Understanding how single-atom site density drives the performance and durability of PGM-free Fe-N-C cathodes in anion exchange membrane fuel cells

One of the most important needs for the future of low-cost fuel cells is the development of highly active platinum group metal (PGM)-free catalysts. For the oxygen reduction reaction, Fe-N-C materials have been widely studied in both acid and alkaline media. However, reported catalysts in the literature show quite different intrinsic activity and in-cell performance, despite similar synthesis routes and precursors. Here, two types of Fe-N-C are prepared from the same precursor and procedure the main difference is how the precursor was handled prior to use. It is shown that in one case Fe overwhelmingly existed as highly active single-metal atoms in FeN4 coordination (preferred), while in the other case large Fe particles coexisting with few single metal atoms were obtained. As a result, there were drastic differences in the catalyst structure, activity, and especially in their performance in an operating anion exchange membrane fuel cell (AEMFC). Additionally, it is shown that catalyst layers created from single atom-dominated Fe-N-C can have excellent performance and durability in an AEMFC using H-2/O-2 reacting gases, achieving a peak power density of 1.8 W cm(-2) comparable to similar AEMFCs with a Pt/ C cathode and being able to operate stably for more than 100 h.

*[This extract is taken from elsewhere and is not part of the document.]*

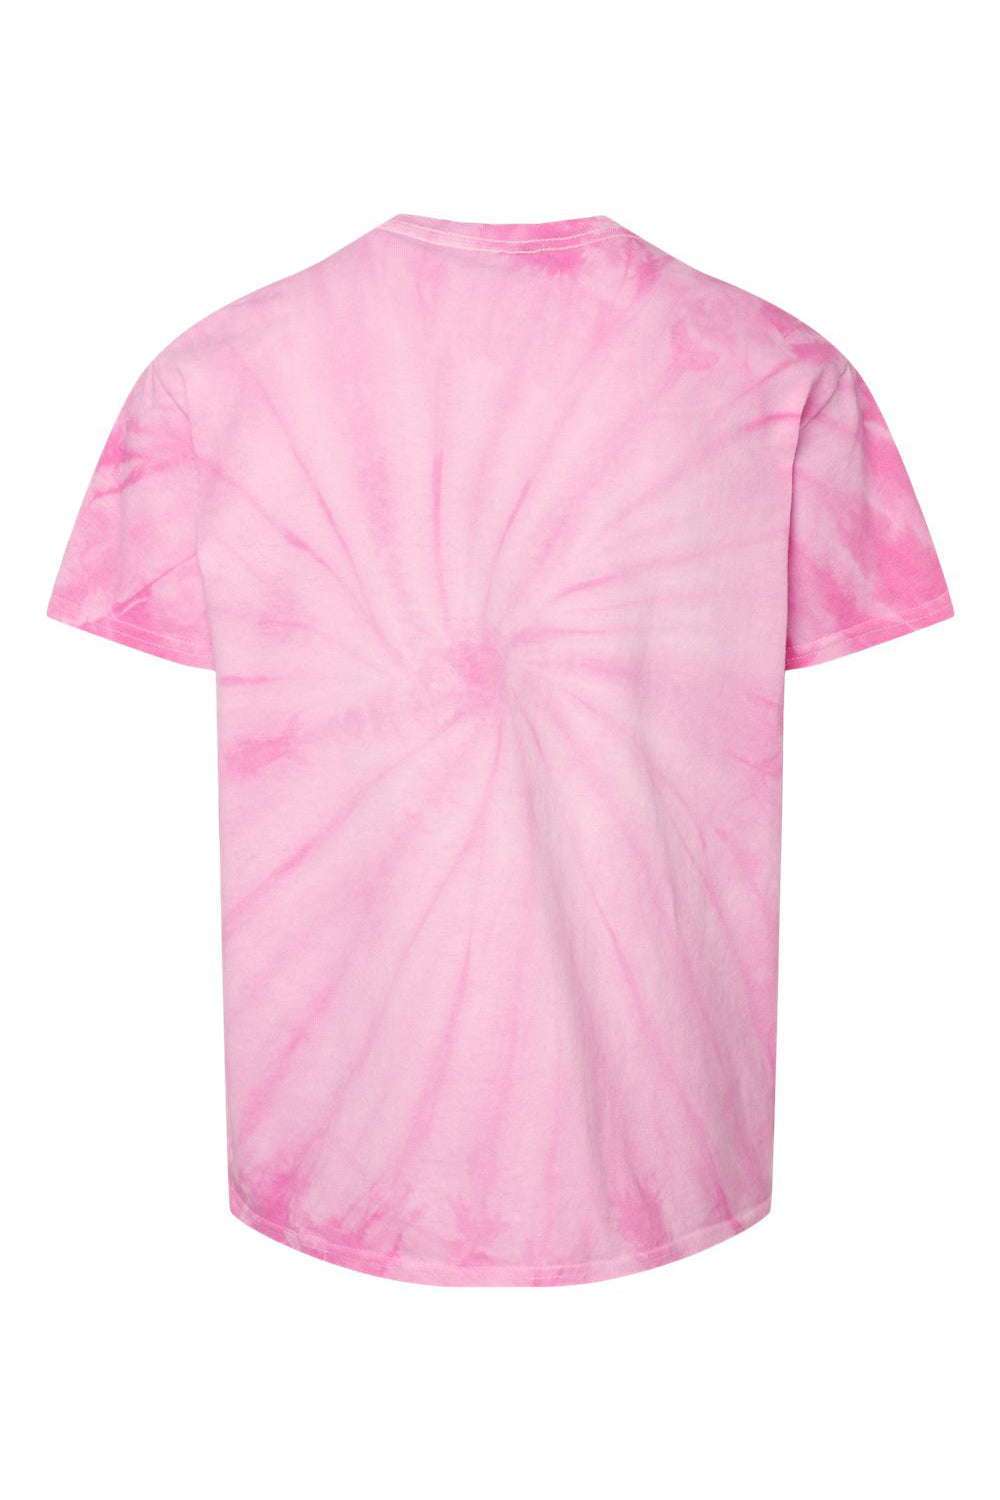 Dyenomite 20BCY Youth Cyclone Pinwheel Tie Dyed Short Sleeve Crewneck T-Shirt Pink Flat Back
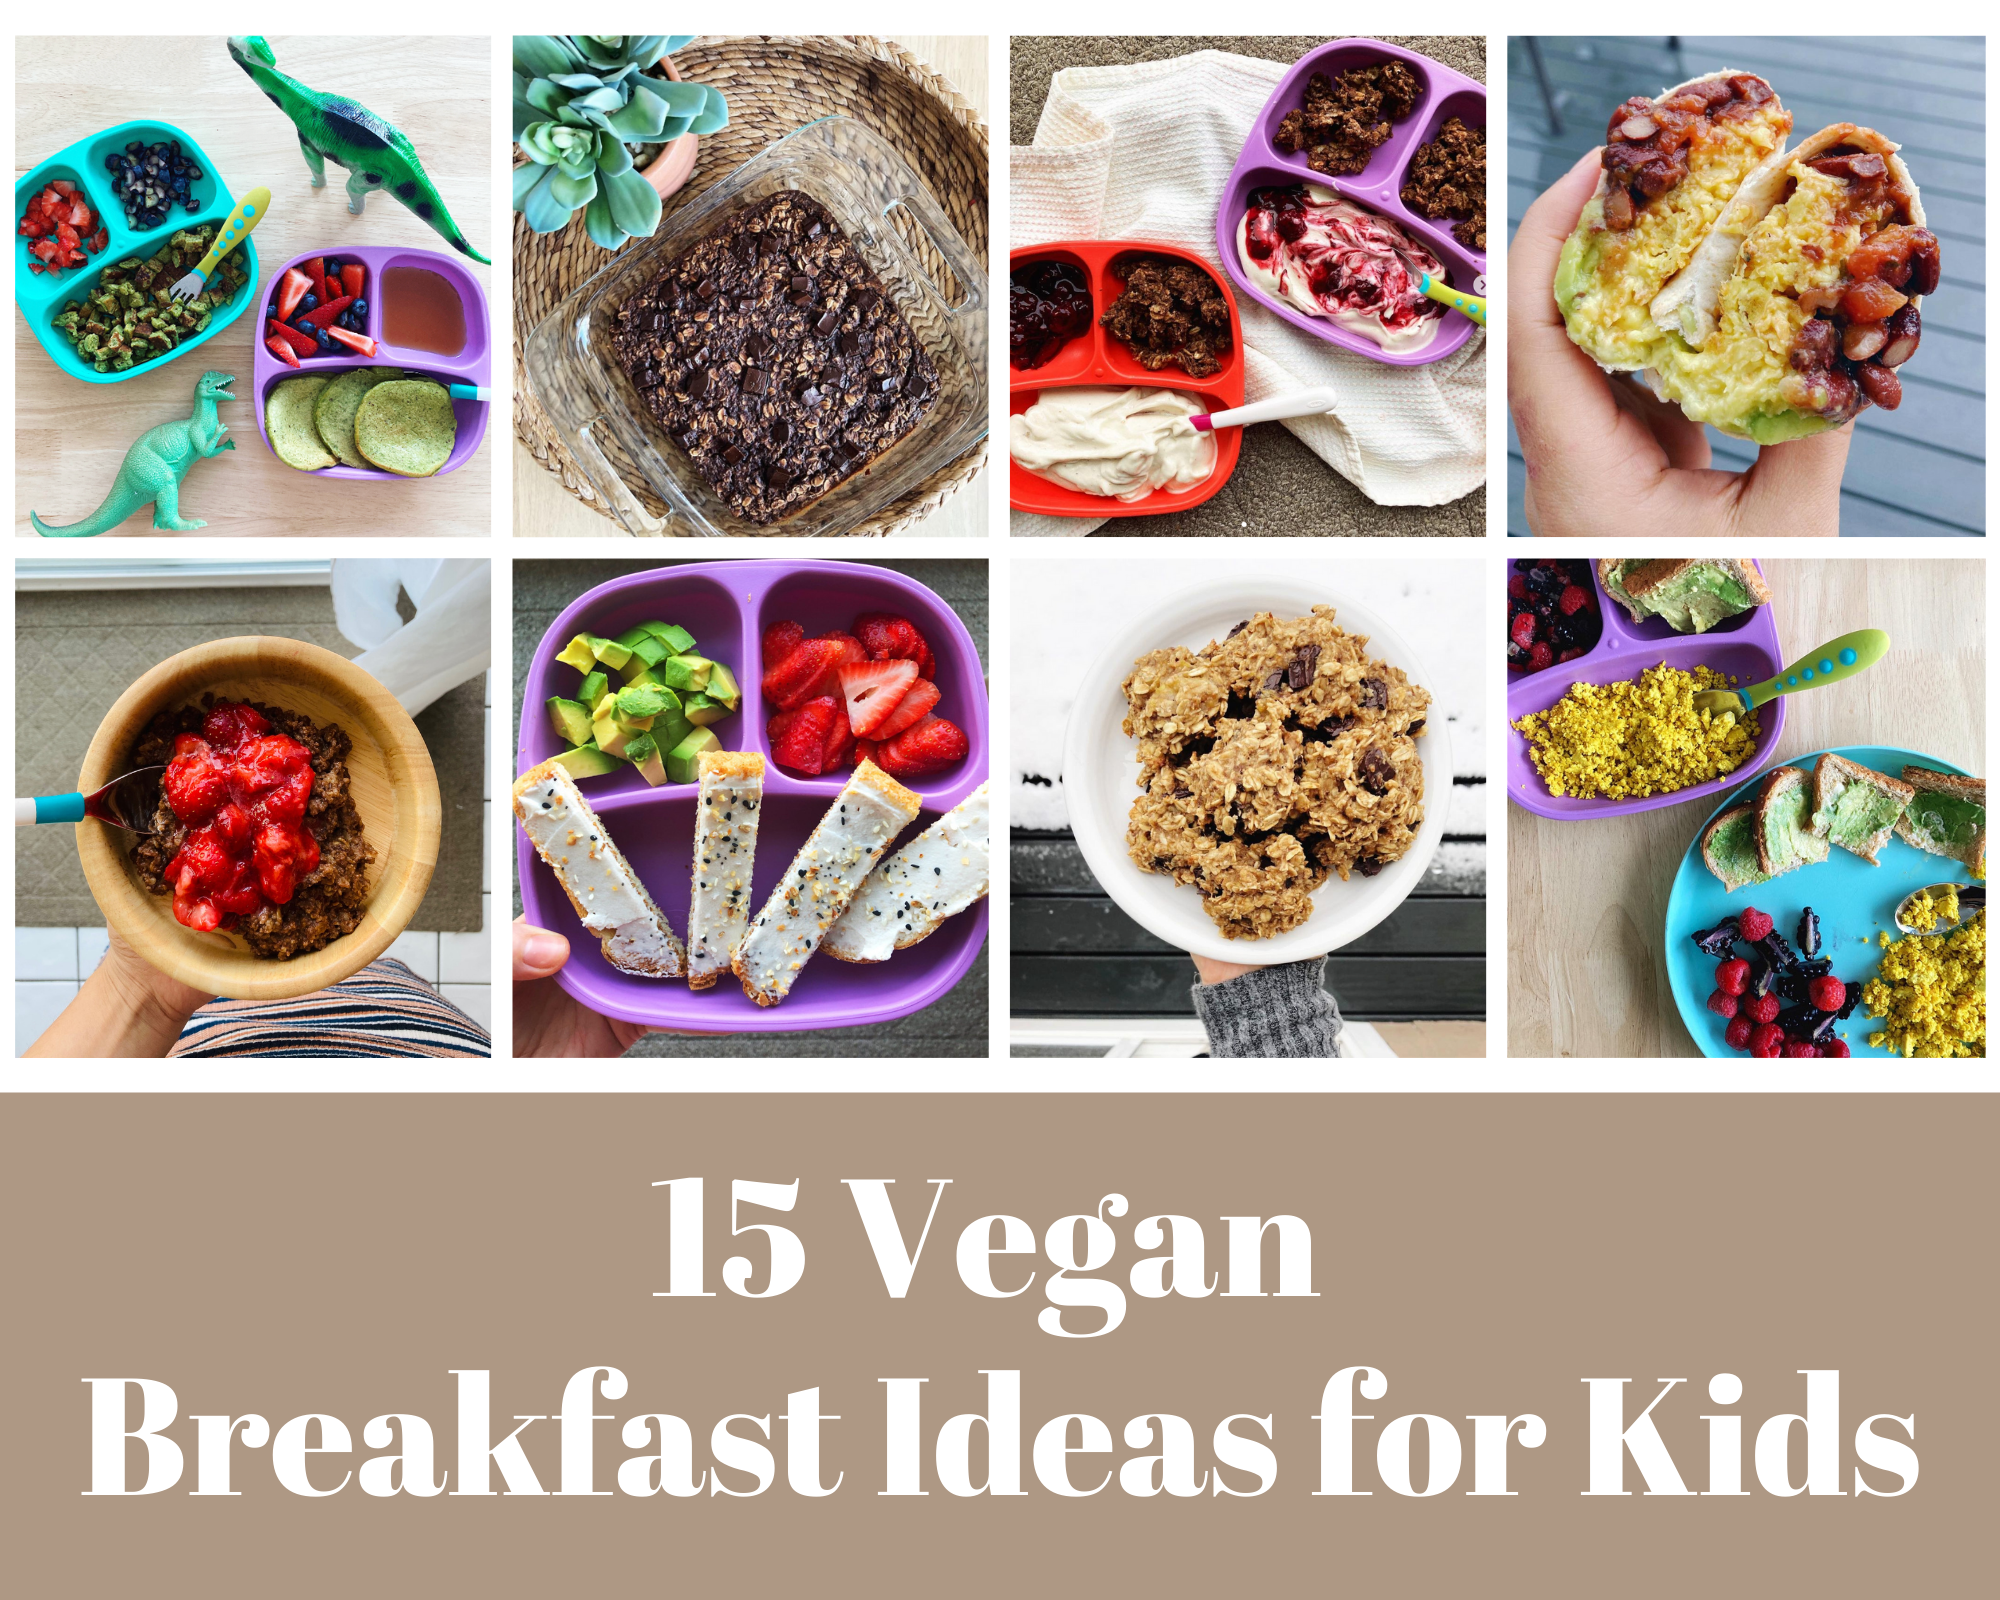 15 Vegan Breakfast Ideas for Kids

Finally, the Fe-N-C cathode was paired with a low-loading PtRu/C anode electrode to create AEMFCs (on H-2/O-2) with a total PGM loading of only 0.135 mg cm(-2) (0.090 mg(Pt) cm(-2)) that was able to achieve a very high specific power of 8.4 W mg(PGM)(-1) (12.6 W mg(Pt)(-1)). (C) 2021 The Author(s). Published by Elsevier Ltd.

Automated summary

The study demonstrates that the handling of Fe-N-C catalyst precursors can significantly impact the formation of single metal atoms or large particles, leading to drastic differences in catalyst structure, activity, and performance in AEMFCs.